◆ BRIEF
Taking the line with "Winnie The Pooh Plush Medium 14 Shopdisney" as the first and the line with "Camilla Skovgaard black Saw mules" as the last, set down the lines below exactly, pictures excluded.

======== EXERCISE DATA ========

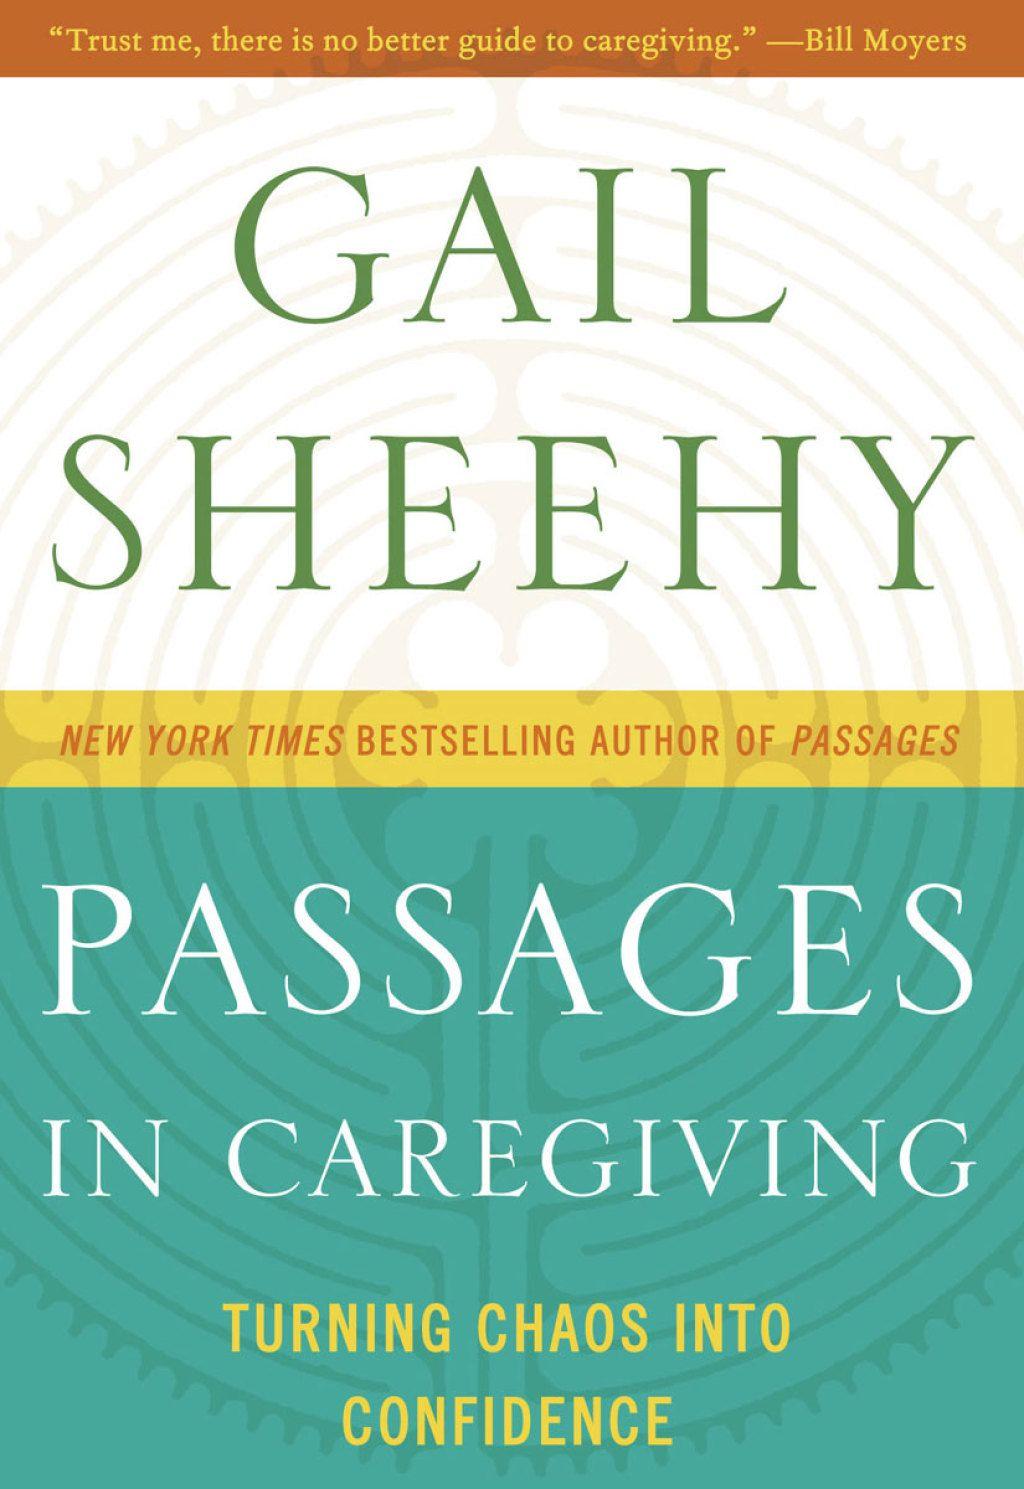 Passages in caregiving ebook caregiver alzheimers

========
======== EXERCISE DATA ========

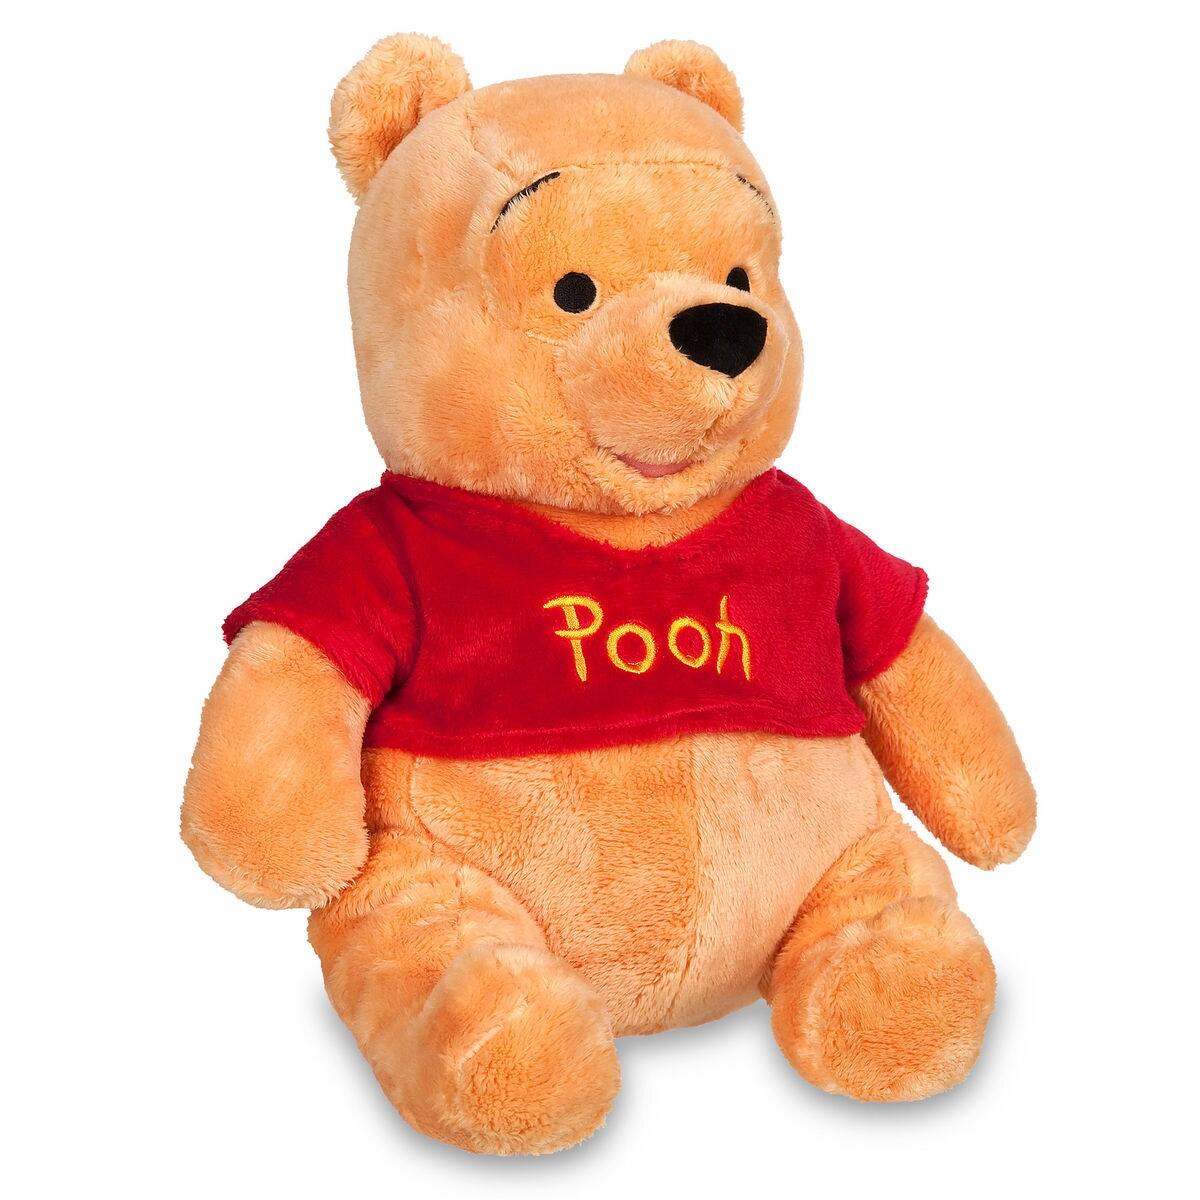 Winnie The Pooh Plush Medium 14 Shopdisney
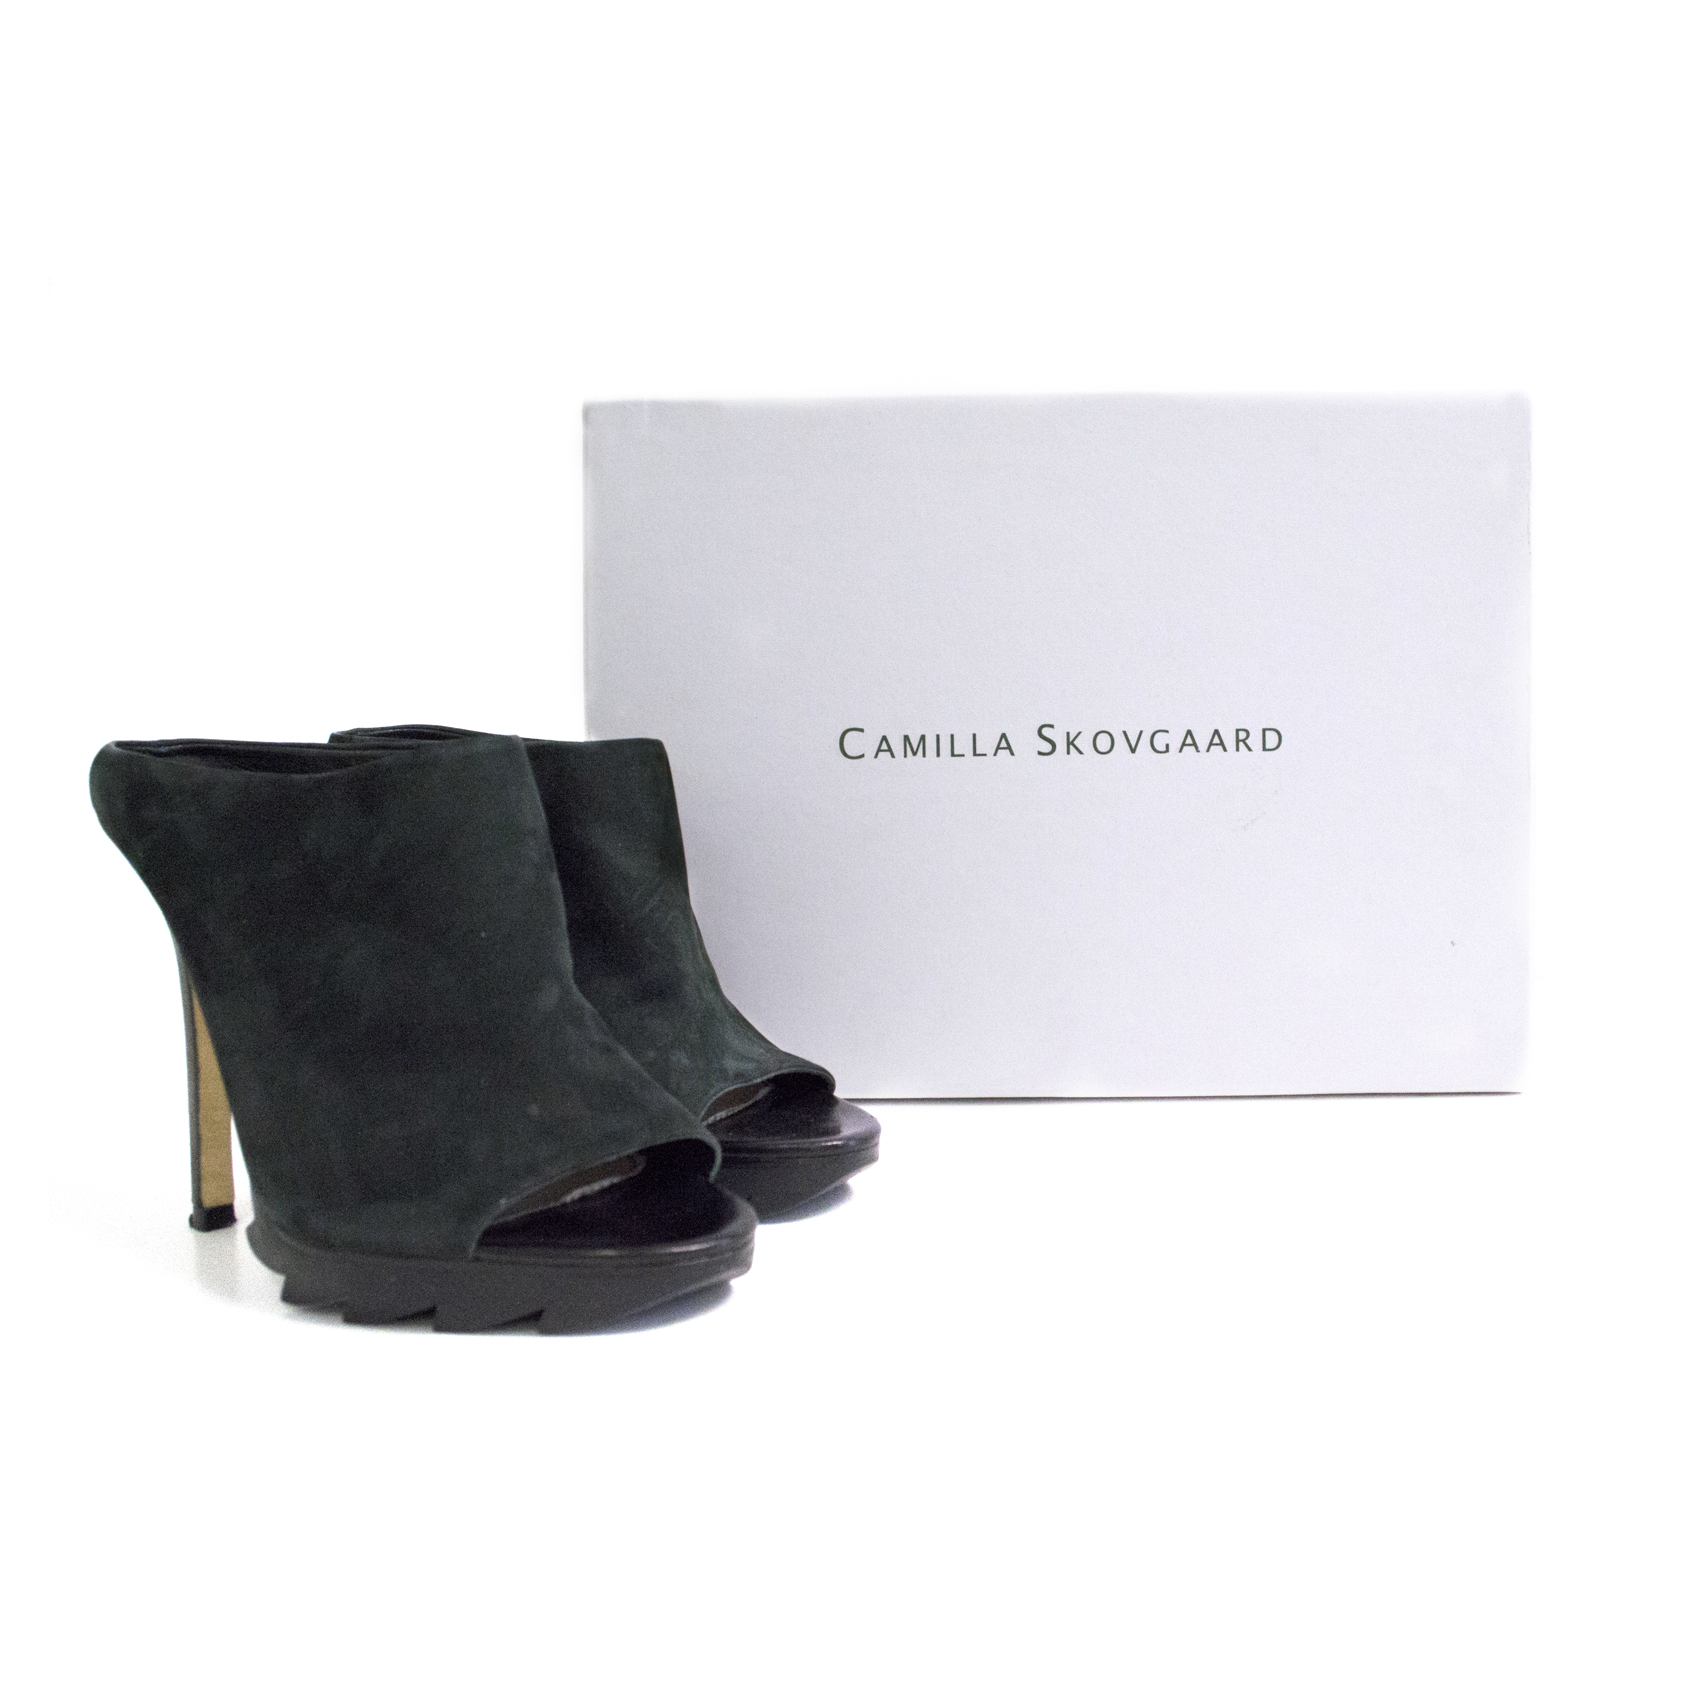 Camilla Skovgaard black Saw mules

========

◆ OUTPUT FOR THIS EXERCISE
 Winnie The Pooh Plush Medium 14 Shopdisney
 Camilla Skovgaard black Saw mules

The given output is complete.